Diagnosis: TOPS-20 is not processing the response queue. This occurred
after a planned CRAM parity error; one action taken by TOPS-20
in the error processing is that of processing the response queue
and cleaning all the command queues. The routine KLPRQA is called
in this case just as it is during normal operation. During the
error processing case, the port has been disabled but by calling
KLPRQA we incorrectly enable the port for a small amount of time.
During this time the port is capable of putting packets on the
response queue.
Thus, when we finally reload and start the port, it finds the
response queue non-empty and never generates an interrupt.
Solution: Create a second entry point KLPRQC to be used when we want to
process the response queue without enabling the port.
[End of TCO 6.1.1462]
TCO-number: 6.1.1463
Written-by: MOSER Creation-date: 19-Jun-85 16:21:29
Edit-checked: No Document: No TCO-tested: No
Maintenance-release: No Hardware-related: No
Program: MONITOR
Routines-affected: PAGUTL
Problem: OFNBDB BUGHLT.
Diagnosis: The problem occurs when a file is going from short to long.
The following scenario reproduces the bug.
Users Moe and Larry both open STOOGES.DAT as a short file.
User Moe goes out for lunch while Larry extends the file long. When
Larry makes the file go long the following counts are in effect.
Super PT share count = 3 (1 long opener [Larry] and 2 second level PTs)
Share count on second level PT0 = 3 (Moe, Larry and extra count from Larry)
Now Larry closes the file (Moe is still at lunch) The Share count on Super
PT becomes 0 and the OFN is deassigned) The share count on the PT for file
section 0 is still non zero because of Moe (still at lunch).
Now enter Curly who also opens the file. He assigns a OFN for the
Super PT and gets a different one than Larry had. When Curly tries to
aquire an OFN for file section 0 he finds the one that Moe is holding
but the data in SPTO4 does not agree with the data provided by Curly
in the call. An OFNBDB results.
Solution: When assigning an OFN for a long file section 0 always use the
callers data. OFNBDB will still exist for other cases.
[End of TCO 6.1.1463]
TCO-number: 6.1.1464
Written-by: MELOHN Creation-date: 19-Jun-85 20:31:44
Edit-checked: No Document: No TCO-tested: No
Maintenance-release: No Hardware-related: No
Program: MONITOR
Routines-affected: COMND CTERMD CTHSRV FILMSC TTYDEF TTYSRV
Problem: CTERM terminals do not "unwrap" successfully; that is, if
you create a long enough line to wrap, and then edit that line to be
only one line long again, the CTERM-SERVER loses the prompt that began
the line.
Diagnosis: In this case, the server must have a local copy of the
prompt in order to reprint the line successfully.

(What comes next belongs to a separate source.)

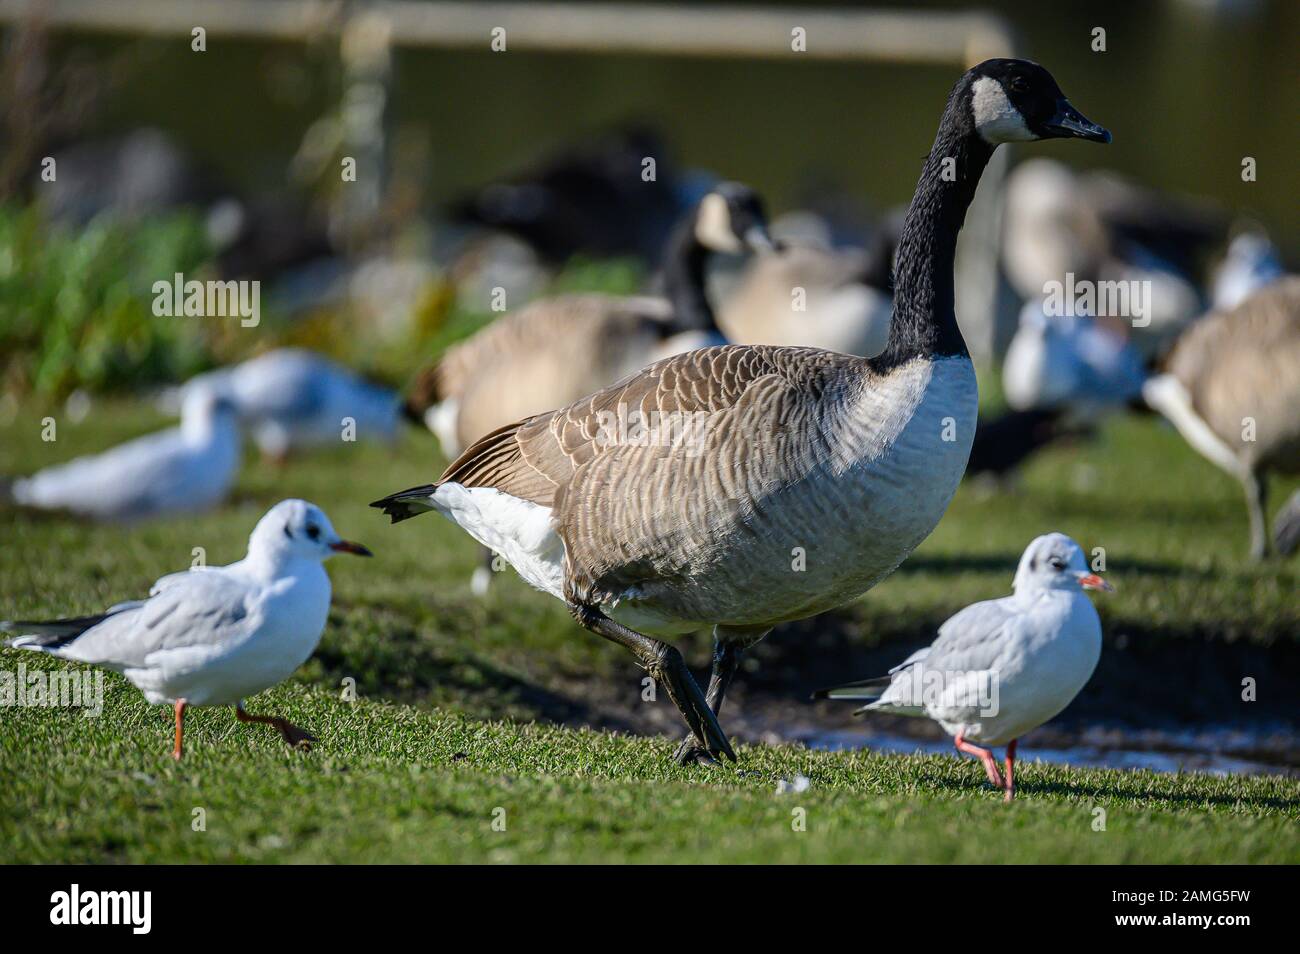 Canada Goose, Ashington, Northumberland, UK Stock Photo

Solution: Add a pointer to the prompt string as an argument to the
.MOTXT MTOPR% (AC 4). Make TEXTI% and friends fill in this prompt
string with the users's ^R buffer pointer. Make CTHSRV send this
prompt to the server. Make the server know that the prompt is really
an ^R buffer, and load it into the TEXTI% on the remote system.
[End of TCO 6.1.1464]
TCO-number: 6.1.1465
Written-by: MELOHN Creation-date: 19-Jun-85 20:38:43
Edit-checked: No Document: No TCO-tested: No
Maintenance-release: No Hardware-related: No
Program: MONITOR
Routines-affected: CTHSRV CTERMD
Problem: DECnet-DOS won't talk CTERM with us.

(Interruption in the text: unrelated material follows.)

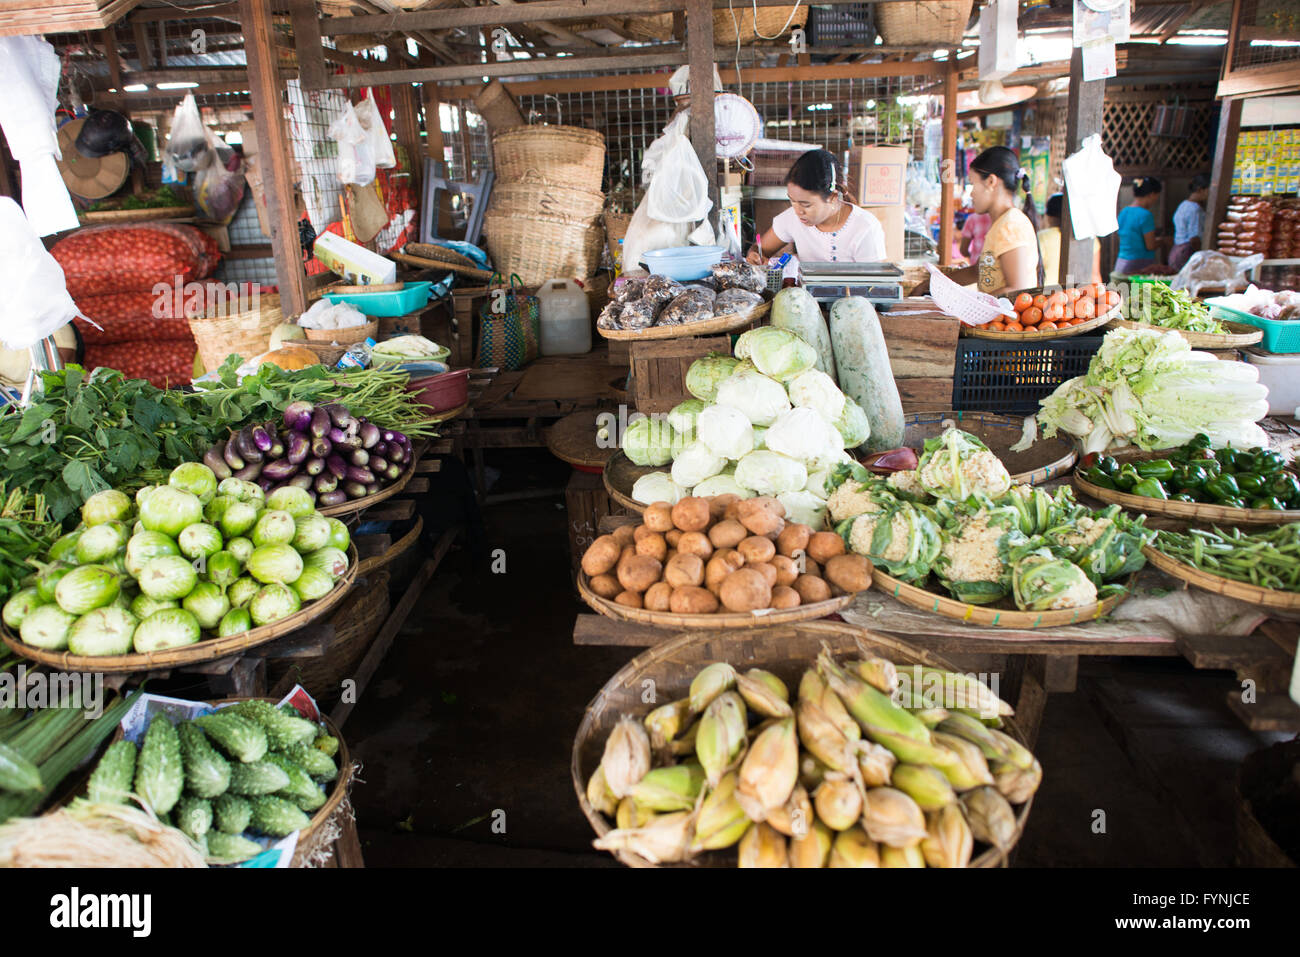 NYAUNG-U, Myanmar - frutta e verdura fresca per la vendita a Nyaung-U Mercato, vicino a Bagan, Myanmar (Birmania). Il mercato è anche noto come Mani Sithu mercato. Foto Stock

Diagnosis: Multiple problems; the LOKCDB routine has some code which
normal speed CTERM connections apprently never tested. The GETIMG
routine; which is supposed to parse a DNA image field doesnt work, and
always uses the defaults, which keep everyone but DOS happy. We treat
DOS, and any non-10-20 system like VMS and don't trust it to do
editing. DOS can do editing.
Solution: Fix problems, make CTERM assume that all implementations
handle the entire protocol with the exception of VMS.
[End of TCO 6.1.1465]
TCO-number: 6.1.1466
Written-by: PALMIERI Creation-date: 20-Jun-85 15:16:34
Edit-checked: No Document: No TCO-tested: No
Maintenance-release: No Hardware-related: No
Program: Monitor
Routines-affected: STG
Problem: No DECnet nodename if not defined in CONFIG.CMD.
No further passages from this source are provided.